I thought about starting a new blog-one to chronicle my newest adventure but that would somehow separate my life into compartments. And while I may have many responsibilties, wear many hats and have numerous interests, they all intertwine to make me - one individual lovingly created to be exactly who I am.
So...new year. New ideas, new thoughts, new dreams. But the older I become, each new year also seems to bring new regrets. I regret I didn't continue learning to play the guitar I received as a Christmas gift LAST year. I regret I didn't take more time to grow in God's Word and experience more of His presence. I regret not calling the long-distance loved ones in my life more often. Heck, I should have called the not-so-long distant ones more often, LOL! I regret that my house STILL isn't better organized. I regret not tending the fire of my heart and spirit, entertaining thoughts of failure more than thoughts of success. I regret blaming myself for the insecurities and wrong choices of others while letting them blame me for those choices. And the one thing I seem to regret, year after year, is not taking control of my body and health. How many times have I said, "This will be the year!"?

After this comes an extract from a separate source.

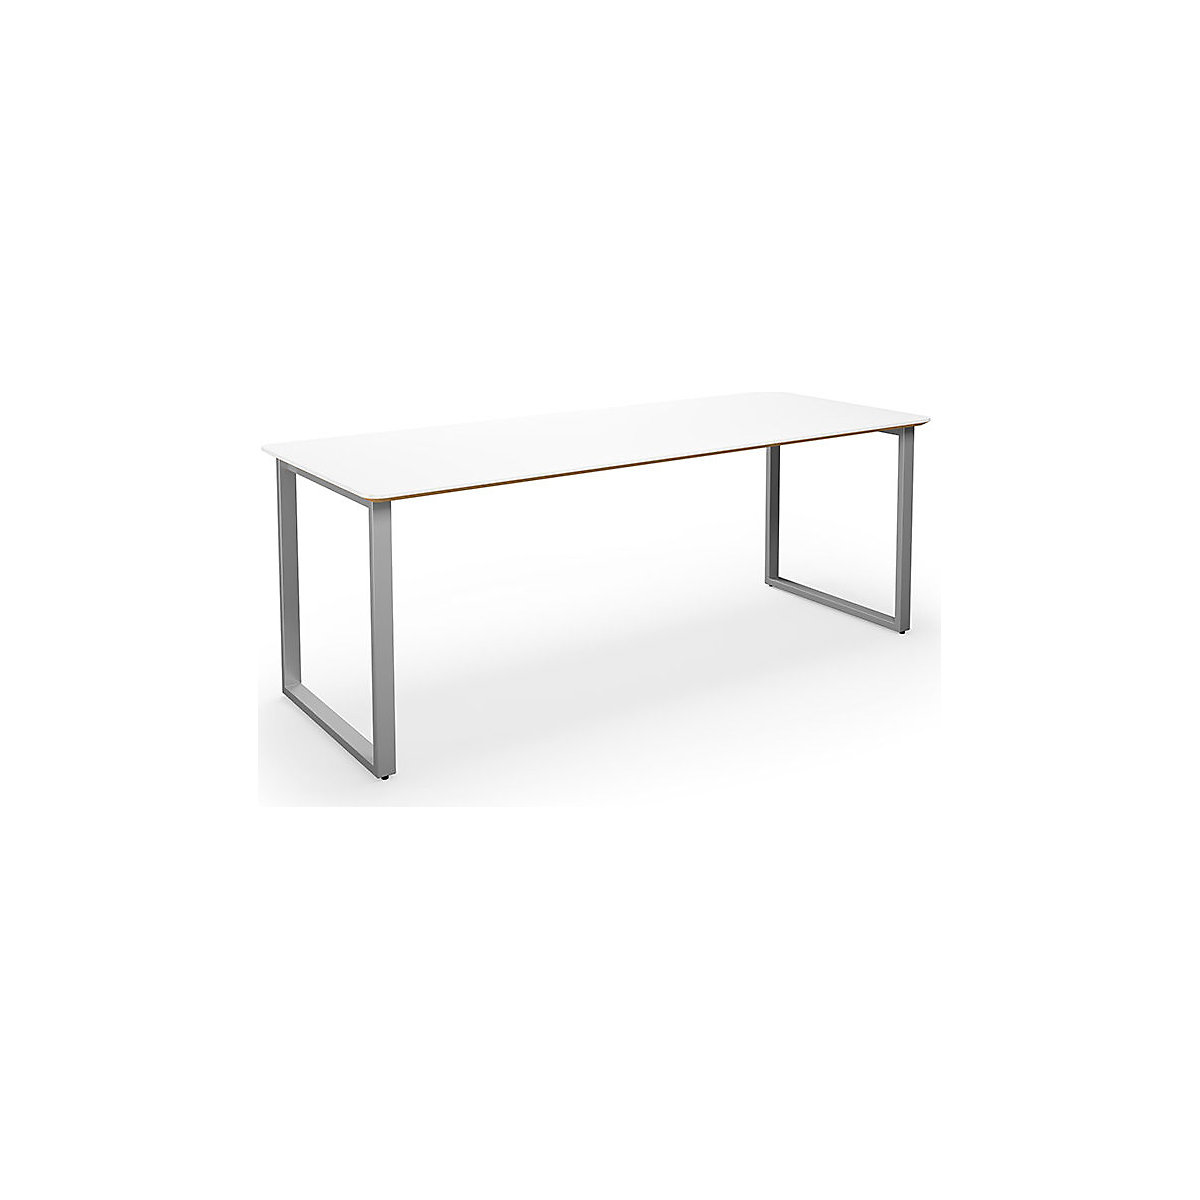 DUO-O Trend multi-purpose desk, straight tabletop, rounded corners, WxD 1800 x 800 mm, white, silver-4

Some would call new choices in a new year, resolutions. But isn't everything, or at least how we respond to everything, a new choice? If, in fact this is true, then regrets are no different. I can choose to regret and spend a vast amount of time and energy mourning or longing something that could have been; or I can choose to resolve and be determined and purposeful. Regret the things I didn't do or resolve to do things differently? Hmmm...
The next time someone tells you that you can't do anything or even one thing in particular, send them your regrets. Even if that someone is you! I read or heard recently that we shouldn't count the things we do but make the things we do count. Gives new meaning to counting down the new year, doesn't it?
Oh, and about the new adventure...I'll keep you posted!